The Spanish Steps were designed by Francesco De Sanctis after generations of heated discussion over how the steep slope to the church on a shoulder of the Pincio should be urbanized. The solution is a gigantic inflation of some conventions of terraced garden stairs.
During Christmas time an impressive 19th century crib is assembled in the first terrace of the staircase. During May, half of the monument is covered by flowerpots full of azalea plants. In modern times the Spanish Steps have included a small cut-flower market, a favorite place for eating lunch (now officially frowned upon and rewarded with fines) or picking up a gigolo.
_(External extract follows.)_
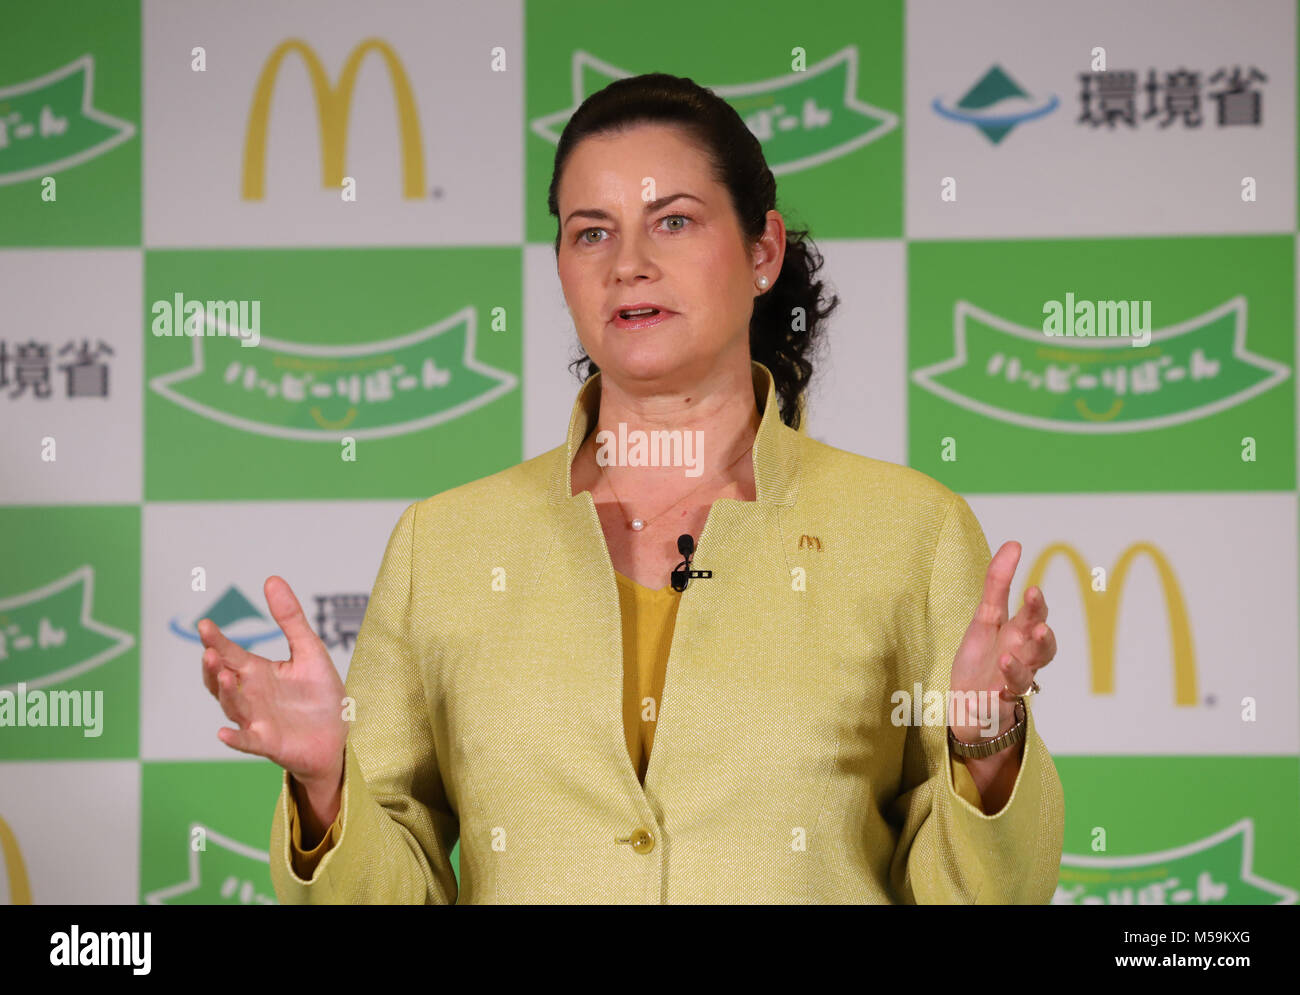 Tokyo, Japan. 21st Feb, 2018. McDonald's Japan president Sarah Casanova announces a joint project of plastic toy recycling with Japan's Environment Ministry 'Happy Reborn' in Tokyo on Wednesday, February 21, 2018. McDonald's Japan restaurant chain will start a campaign to collect 1 million plastic toys at their restaurants for recycling to make plastic trays from February 23 through May 6. Credit: Yoshio Tsunoda/AFLO/Alamy Live News Stock Photo
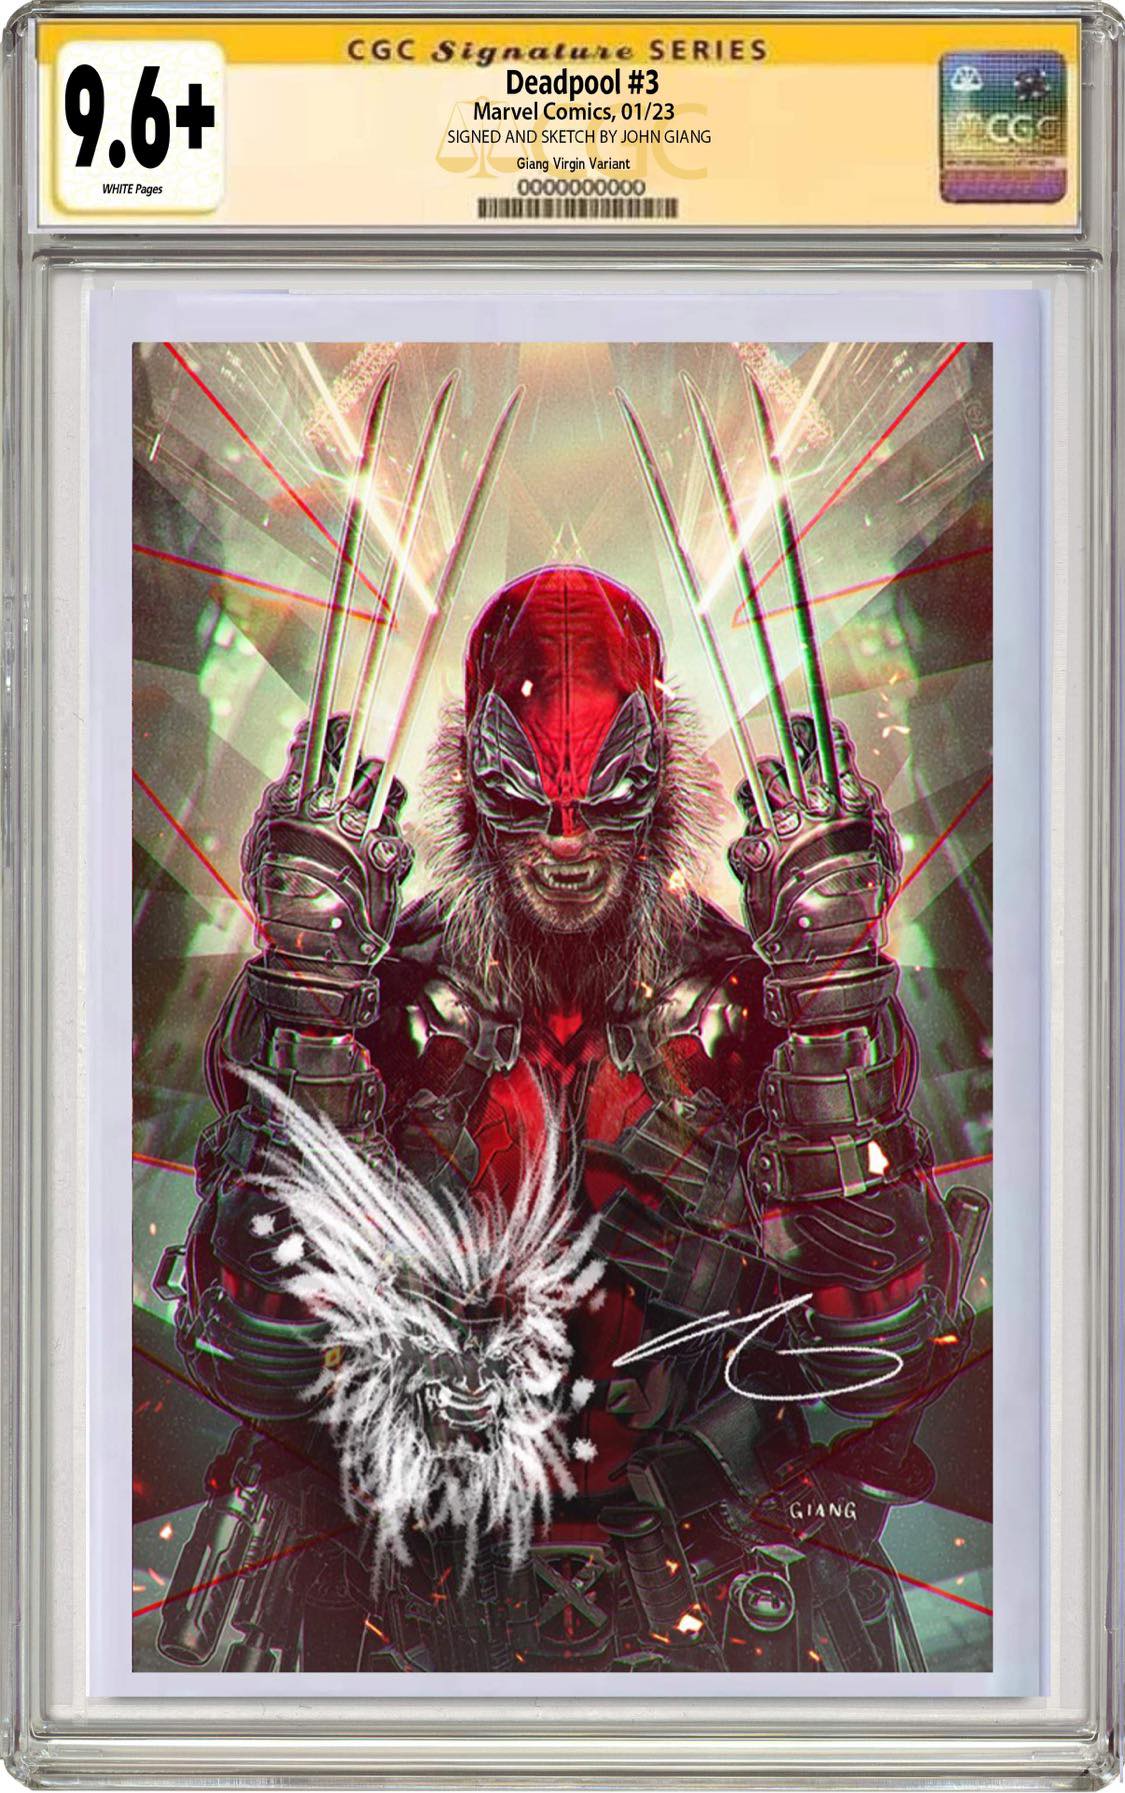 DEADPOOL #3 JOHN GIANG - VIRGIN - CGC 9.6 (OR BETTER) SIGNED/SKETCH (In-Store Now)

The apartment that was the setting for The Roman Spring of Mrs Stone (1961) is halfway up on the right.
The Spanish Steps have been restored several times, most recently in 1995.
In the Piazza at the base is the Early Baroque fountain called the Barcaccia (‘the ugly boat’), often credited to Pietro Bernini, father of a more famous son Gian Lorenzo Bernini.
In the Piazza di Spagna, at the corner on the right as one begins to climb the steps, is the house where English poet John Keats lived and died in 1821; it is now a museum dedicated to his memory, full of memorabilia of the English Romantic generation. On the same right side stands the 15th century former cardinal Cybo’s palace, now Ferrari di Valbona, a building altered in 1936 to designs by Marcello Piacentini, the main city planner during Fascism, with modern terraces perfectly in harmony with the surrounding baroque context.